Sandra Frederick, a DFCS official in the food stamp program, offered a less dire assessment, saying, “For the most part, I think they either do have some other means, or they are pursuing other means.”
Frederick offered a disturbing note of concern. For months, DFCS has offered orientations to inform able-bodied recipients about the work requirements. Attendance has been sparse, but she said some who’ve show up were actually not able to work. They may have been classified as able-bodied in the DFCS system but have physical or mental issues that prevent them from holding a job.
Struggle for food money
Two hours. That’s all it took for Michael Heisserer to lose his food stamps.
Heisserer was only working 18 hours a week at a fast food restaurant, but he needed 20 to continue receiving benefits. He lost them April 1.

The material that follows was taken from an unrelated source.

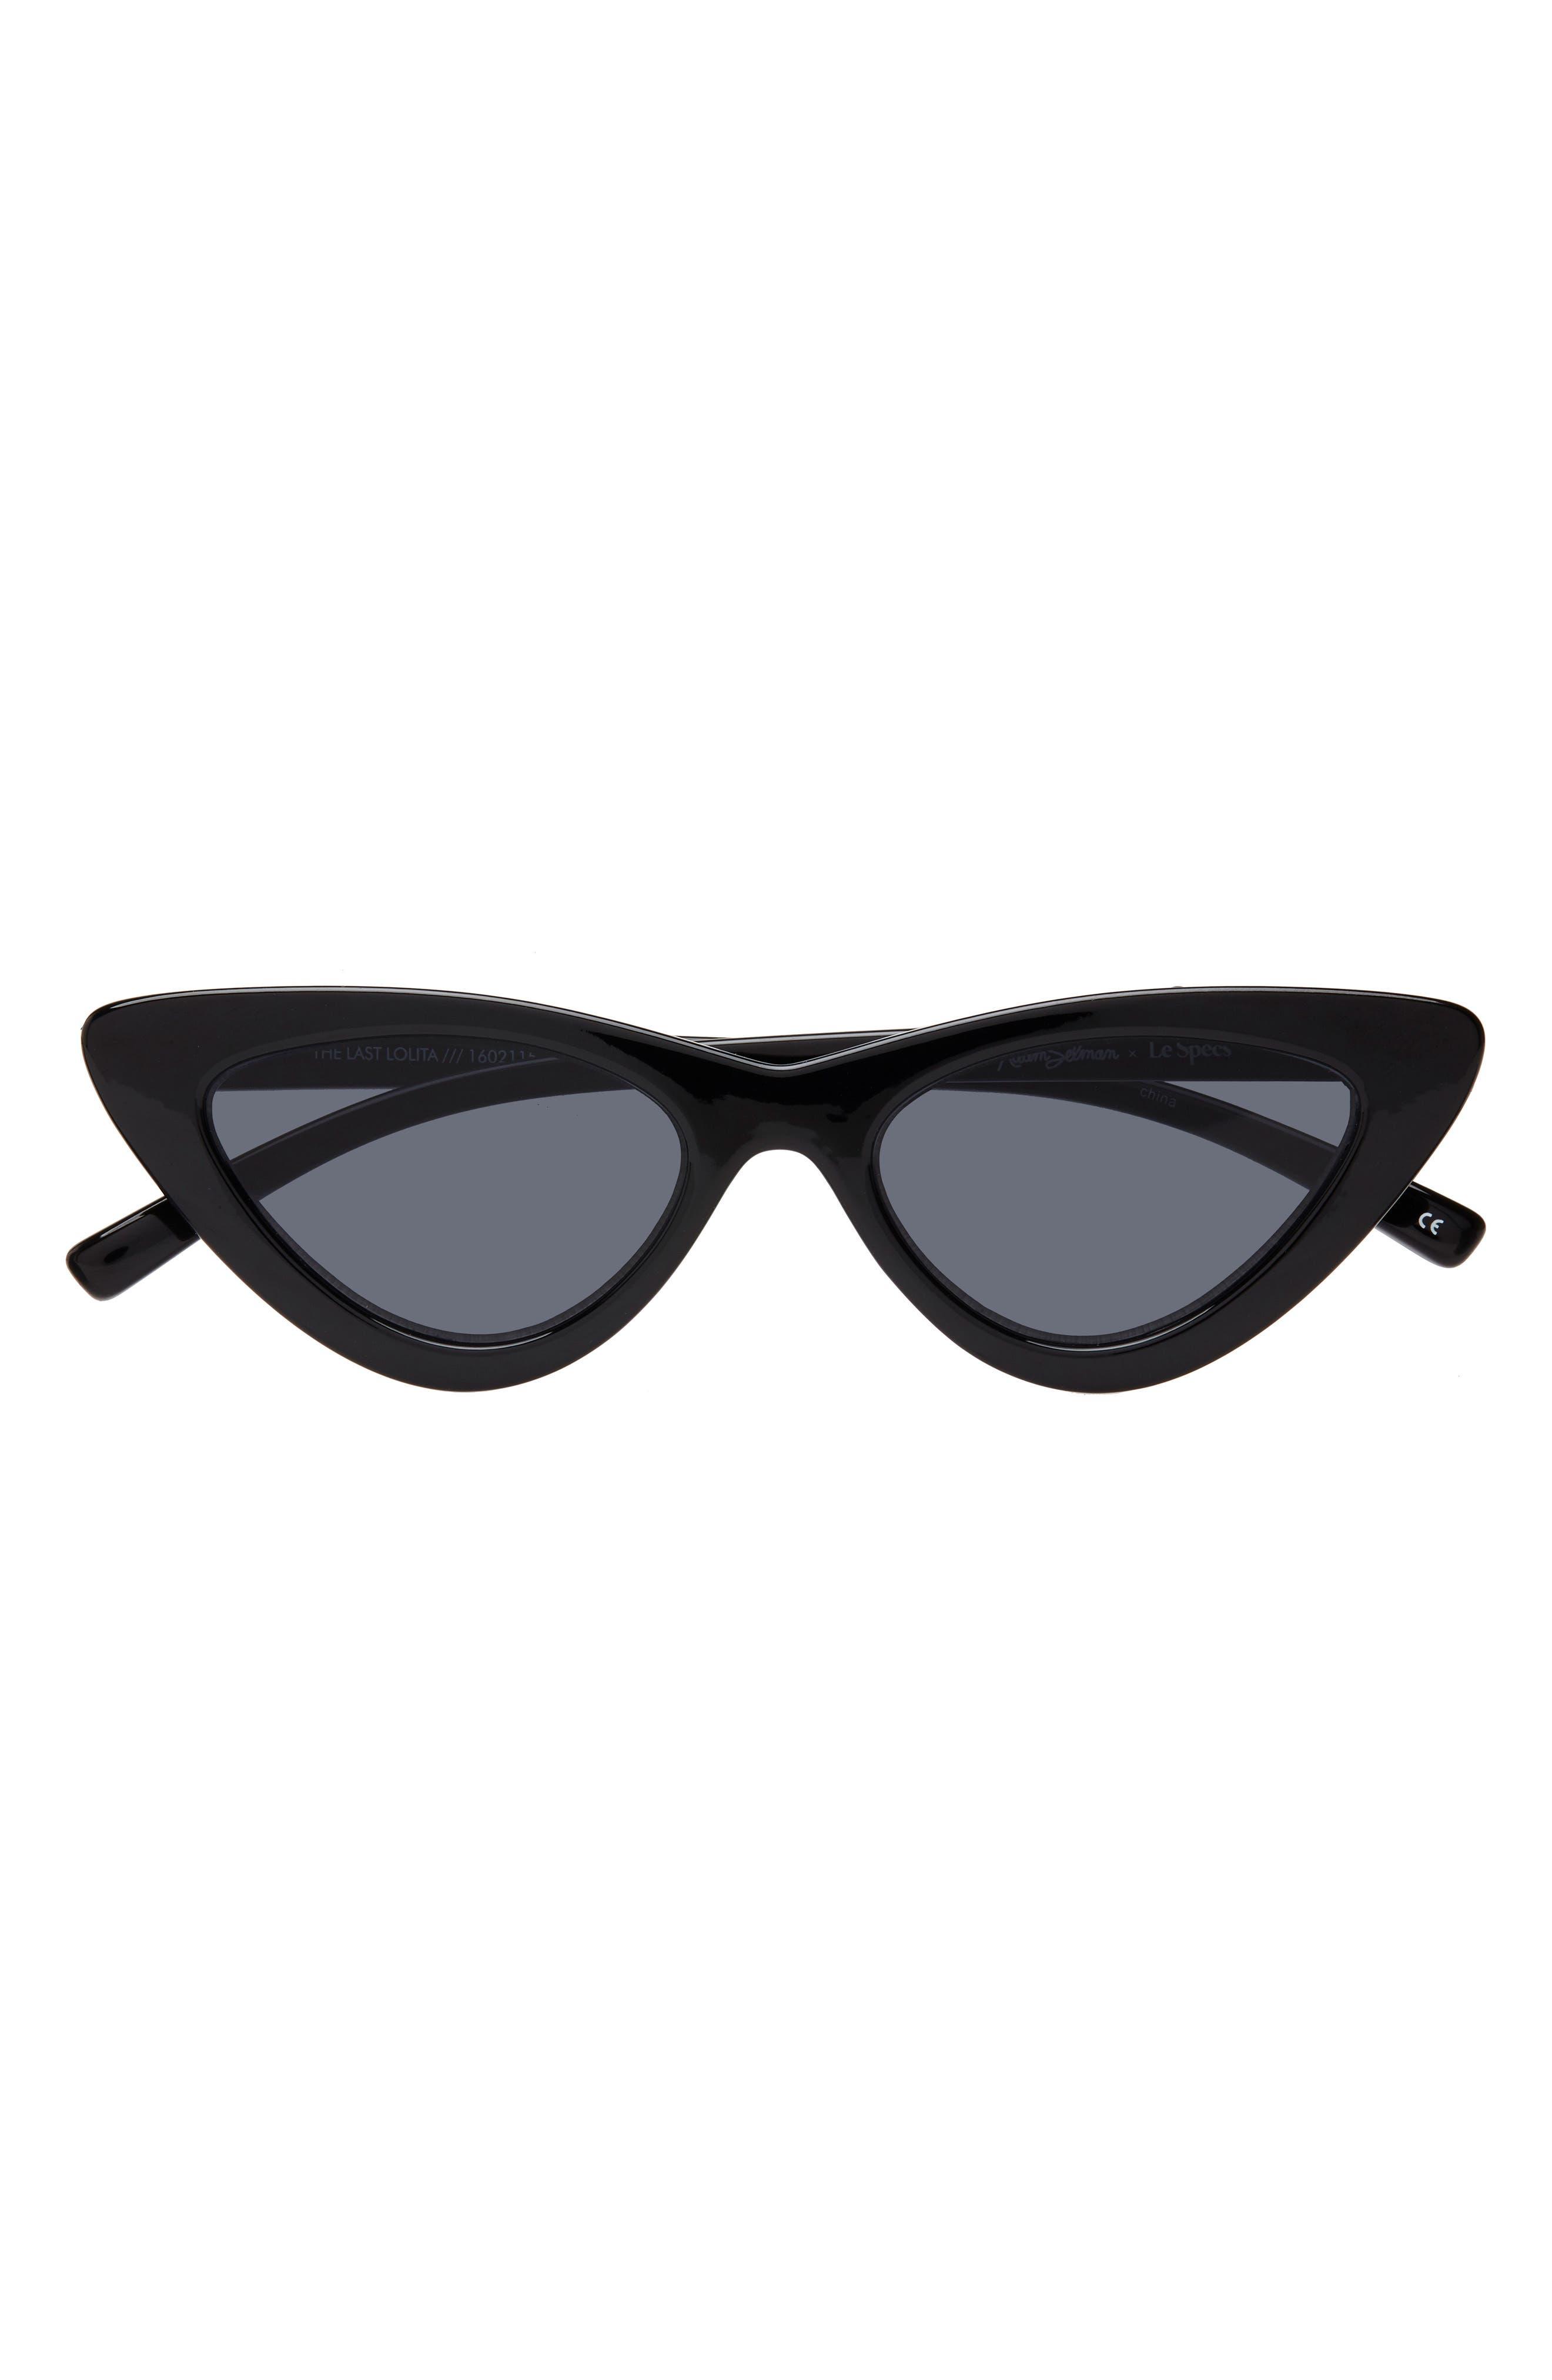 ADAM SELMAN X LE SPECS LUXE Lolita 49mm Cat Eye Sunglasses, Main, color, BLACK

Heisserer, 31, of Marietta, expects he’ll get some more work hours and reapply for food stamps. But that could mean a few months of struggling to find food money, as he collects the pay stubs and goes through the application process. For now, he’s shifting more of his salary from paying bills to buying food.
“I’m going to have to struggle to pay bills,” he said.
Georgia officials say that 40 percent of food stamp recipients are in working households.
As for the rest, Georgia's food stamp agency has a weak history of helping recipients find work. Officials say they are doing more, but programs are still struggling.
DFCS does not spend a great amount on its basic jobs program. The agency invests about $100,000 a year on the program, called Snap Works, with most of that money going toward helping people with transportation. The state also receives an annual $1.7 million federal grant for this program. Snap Works operates in 12 counties, most of which are in metro Atlanta.
Under this program, DFCS essentially does an assessment and directs people to the state Labor Department, where they receive the services of any job-seeker. That includes help crafting a resume and plugging them into an electronic database where people are matched with prospective employers.
So far this year, 17 have reported employment.
"This population can be hard to serve," said DFCS spokeswoman Mary Beth Lukich. "They may have multiple barriers to employment, such as lack of education, low literacy levels and transportation issues."
In March of last year, federal officials announced Georgia would receive a $15 million federal grant to enhance these job efforts. But progress has been slow on the pilot program aimed at providing food stamp recipients with intensive job services, as well as some vocational training. The program is slated for 10 counties, but only eight have thus far come on line, and most of them this year. Those counties include Cherokee, Clayton, DeKalb, Bulloch, Douglas, Gwinnett, Henry and Rockdale.
So far, only 9 people have obtained work through this program, DFCS officials said.
Lukich said final federal approval for the grant did not arrive until late January of this year. The agency began meeting with recipients in February. It has referred 130 people to the more intensive job assistance, but only 58 have shown up so far.
"We expect to see this number increase as many of our clients may need further education and training before finding employment," Lukich said.
‘Could have done better’
Abdul Kately, the veteran who lost his food stamps, eventually came to terms with the food stamp agency. After Kately spent nearly two months without food stamps, DFCS accepted his disability papers from the Veterans Administration as proof that he really could not work.
His food stamps, equalling $194 a month, have been reinstated.
“I think (the agency) could have done better,” he said. “It was so easy to get cut off, and so hard to get back on.”